Transportation is essential in the contemporary economy. In today’s fast-paced world, where everyone is short of time and is always in a hurry, everyone wants to know the transit duration for better planning. As a result, research communities have given intelligent transit systems a lot of attention. Both traffic engineers and users of the highway network depend on accurate transit times [1]. This work intends to explore the transit time for goods vehicles in highways on a given destination and start points. To brief whats a transit time is, it’s the time taken a goods/vehicle to reach from its source station to the destination. The transit time is calculated/measured based on number of hours/days/months it took to reach the destination. There will be lot of factors that may influence the transit time depends on the geographical location mode of transit, season wind direction, hill or normal roads etc.

In this experiment we are trying to predict the transit time based on those influencing factors to make the importer and the exporter has the most accurate possible timelines. So that they can plan there deliveries/usage criteria’s. for this analysis we used random forest and linear regression ML algorithms.

Keywords: Machine Learning, Linear Regression, Random Forest Model Validation.

Objectives:

Predicting transit times is crucial for transportation. Accurate trip estimation could lower transportation expenses. For creating a urbane transit information systems, trip time prediction is crucial. Linear regression and random forest regression are two of the various techniques employed. The results are individually explored in the below paragraphs.

A. LINEAR REGRESSION

It is a linear model that establishes the relationship between a dependent variable y(Target), and one or more independent variables denoted X(Inputs). In this data set we have different variables. In which we have considered transit time variables as y (target) and 13 other variables such as Temperature, Humidity, Pressure, Visibility, Vehicle age, Wind speed, Loads in Tons, bearing, Weather condition, service status, Destination, Road type, Wind direction as X(Inputs).

B. RANDOM FOREST

Random Forest (RF) is an ensemble supervised machine learning method that can be applied to categorical or numerical datasets as a classifier or regressor. To develop an RF model, multiple random samples from the training dataset are selected with replacement in several iterations, and decision tree is trained for each of them. The trained decision tree then returns the target variables value for each new record in the test dataset. The average of all predicted values from decision tree for the target is used to calculate the final result. Because it reduces decision tree variance, random forest is resistant to noisy data and over fitting, and it is expected to have higher accuracy than individual DTs. When a large dataset is available, RF usually works accurately and efficiently. As model inputs, it could also handle a large number of variables. The random forest model is an excellent choice because of these characteristics.

Methodology:

Python used a coding tool and historic transit data used for training the model. Used linear regression, random forest algorithms.

Dataset:

We have used the transit historic data, considered the following features :

Transit time: Total time took to complete the trip,

Service status: The status shows the trip completed on time or whether it has exceeded and if at all exceeds then how many days 30, 60 or 90 days.

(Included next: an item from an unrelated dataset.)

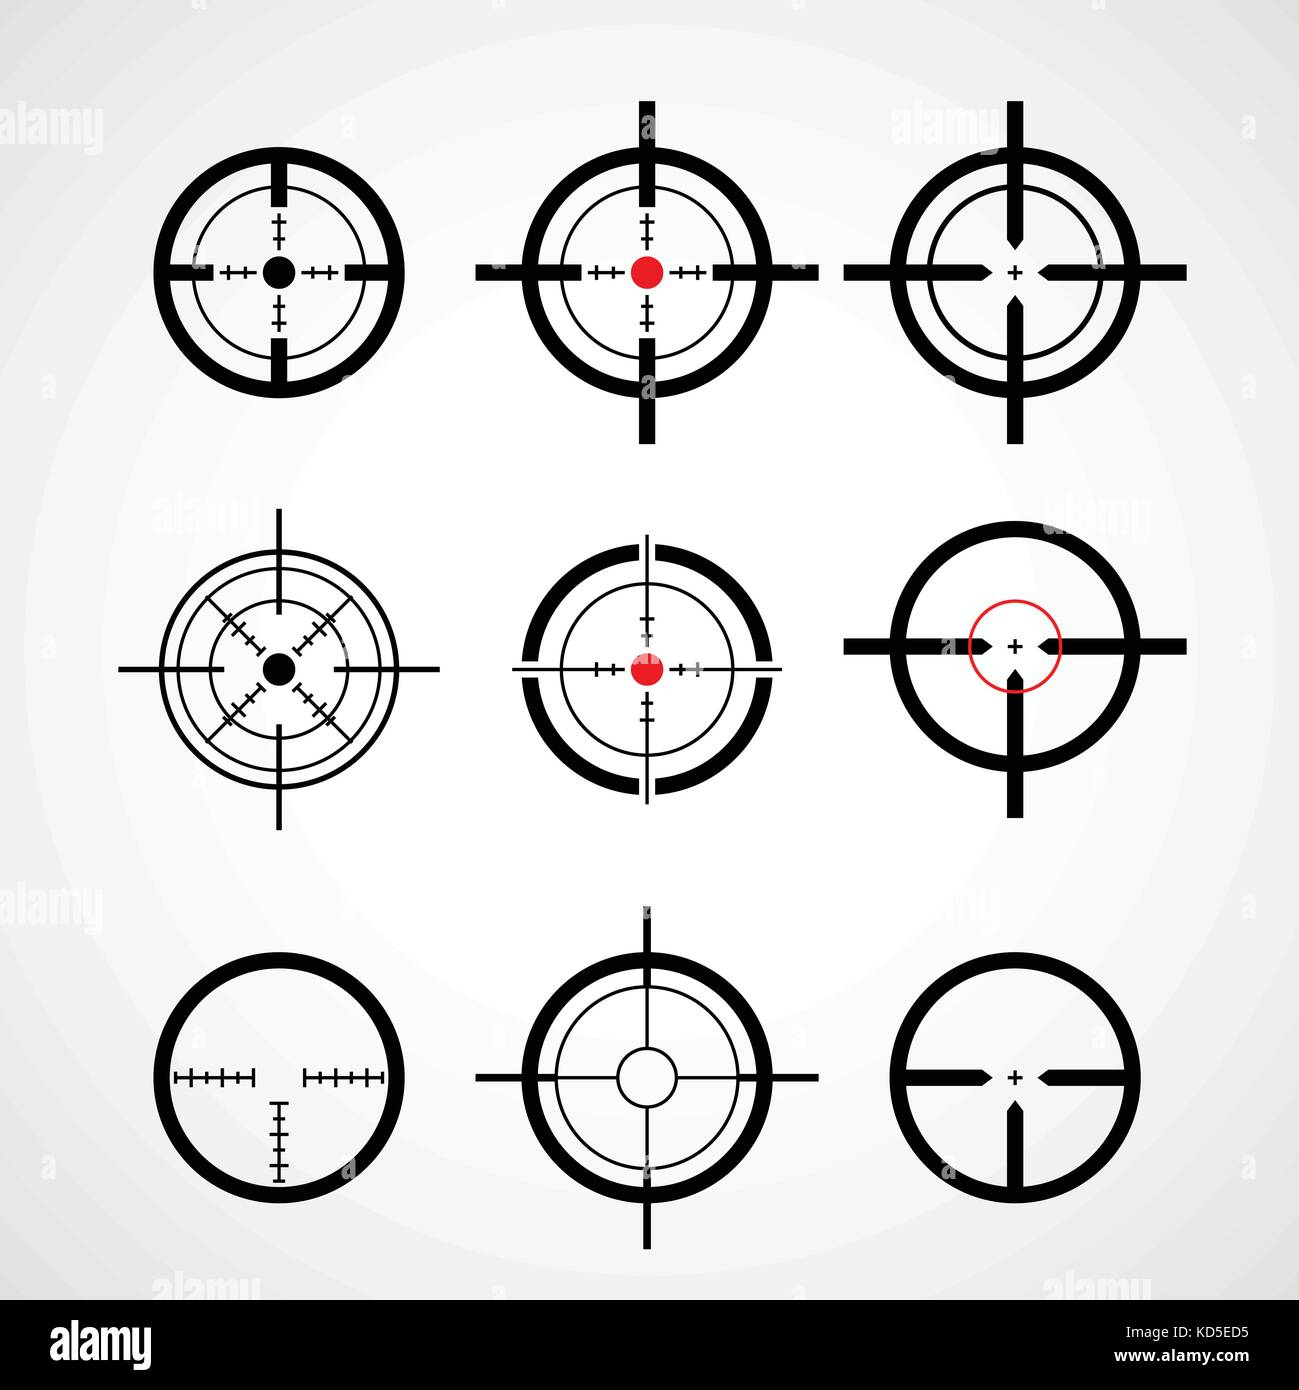 Sniper sight symbol crosshair target stock photos sniper sight crosshair gun sight target icons set stock image buycottarizona Image collections

Weather Condition: Weather conditions play an important role as it affects the transit time, the factors such as Heavy rain, snow, fog, unfair climate, cloudy etc.

The Different Variables are shown below:

Variables
Method: We plan to run Random Forest and Linear Regression models to predict the possible transit time which will help plan the trip considering the influencing factors in our dataset. To train the model we used random forest regressor and linear regression Model.

Analysis and Forecasting:

To start with, we did the correlation analysis on `different variables available in the time travel data. The Correlation matrix shall show us the variables that has more impact on the dependent variable. We also examined other algorithms on regression, took random forest as the best suited regression model.

Correlation:
We did correlational analysis to find the relation between two attributes which helped us to find the redundant data. Below table shows the impact of the available variables on the Dependent Variable that is Travel Time. We have found that the variables like Destination, Load in Tons, Weather Condition has direct correlation with the dependent variable — Travel Time. The Pressure, Visibility, Temperature and Humidity has high correlation with Weather Condition variable. The Service status variable has high correlation with Road type variable. The Wind direction variable has high correlation with variables such as Wind Speed, Travel Time. The Pressure, Visibility, Temperature and Humidity

Correlations
Exploratory Data Analysis :: Table Below shows the Exploratory data analysis done for the variables available in the Dataset.

bar charts
Model1 Regression: : Below the regression summary tables are explaining the model related summary, accuracy and predicting weights etc. as per the Model the R-squared value is 0.428 and the Adjusted R-squared value is 0.427

results
Model2 Random Forest Regressor : : We trained our model using Linear Regressor which gave us an accuracy of 42% and then we compared our model with a Random Forest Regressor and found that Random Forest was giving us more accurate results of 90%.In comparison to older techniques like Linear Regression our model gave a more accurate result by 48%.Further we observed that the Root Mean Square Error(RMSE) decreased rapidly to a healthy level ,Mean Absolute Error: 0.42916096051959735,Mean Squared Error: 10.277677122295003,Root Mean Squared Error: 3.205881645085327

Conclusion:

Compared to all the other algorithms such as Linear regression (accuracy: 42 percent) and its variants, Random Forest(accuracy: 90 percent) gives the best result. Predicted transit-time information provides the capacity for road users to organize travel schedule pre-trip and end-trip. It helps to save transport operational cost and reduce environmental impacts. Besides, accurate travel time information also helps delivery industries to promote their service quality by delivering on time. However, the development of travel time estimation and prediction are suffered from the shortage of traffic data sets and too much interference from transport environment. This paper provides a review of travel-time studies that includes variables of travel time, measurement of travel time, methodologies of travel-time prediction and estimation, research difficulties, some relationships between other variables and travel-time from field data and potential solutions of travel-time prediction studies.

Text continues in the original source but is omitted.